Há pessoas que dizem que o baixo consumo per capita de vinho no Brasil deve-se ao
fato do consumidor brasileiro estar habituado culturalmente com cerveja e
cachaça. Mentira. O brasileiro, da classe C para baixo, não toma vinho porque este
é muito caro em comparação à cerveja e à cachaça. Por quê? Porque no Brasil as
taxas tributárias do setor vitivinícola são pornográficas. Essa é uma velha
reivindicação do setor: o abrandamento dos impostos. Até hoje, nenhum
presidente da República sensibilizou-se com essa reivindicação, seja militar,
seja civil, seja Getúlio, seja JK, seja FHC, seja Lula, seja Dilma, seja
esquerda, seja direita – e provavelmente a situação manter-se-á assim com Temer.

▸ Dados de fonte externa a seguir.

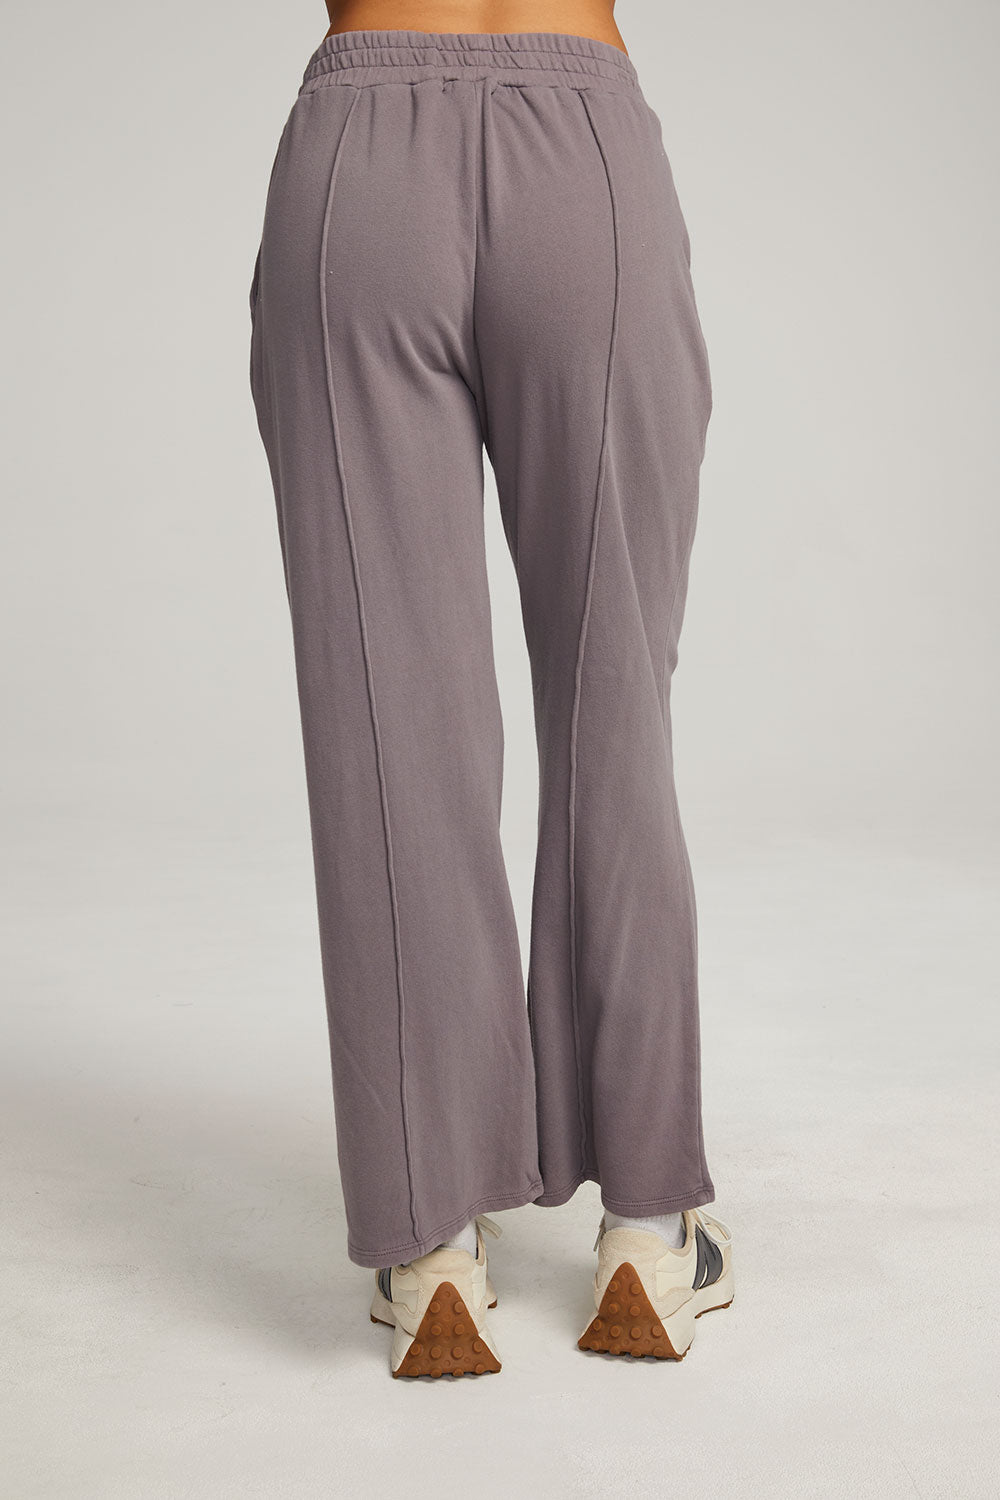 Amarillo Purple Sage Trousers WOMENS chaserbrand

Então, quais são as conseqüências? Os vinhos brasileiros, que são de alta
qualidade, chegam caros às gôndolas de supermercados nacionais. Então, nas
prateleiras ao lado, há os excelentes vinhos argentinos e chilenos, como da
célebre vinícola Concha y Toro do Chile, que chegam ao Brasil com preços
interessantes, mesmo tendo que viajar muito mais quilômetros para chegar aos
supermercados de lugares como, por exemplo, Porto Alegre. Isso ocorre porque na
Argentina e no Chile os impostos não são tão famintos. O setor vitivinícola
brasileiro até tentou uma época classificar o vinho como alimento, assim
podendo pagar menos impostos, mas a ideia não teve sucesso.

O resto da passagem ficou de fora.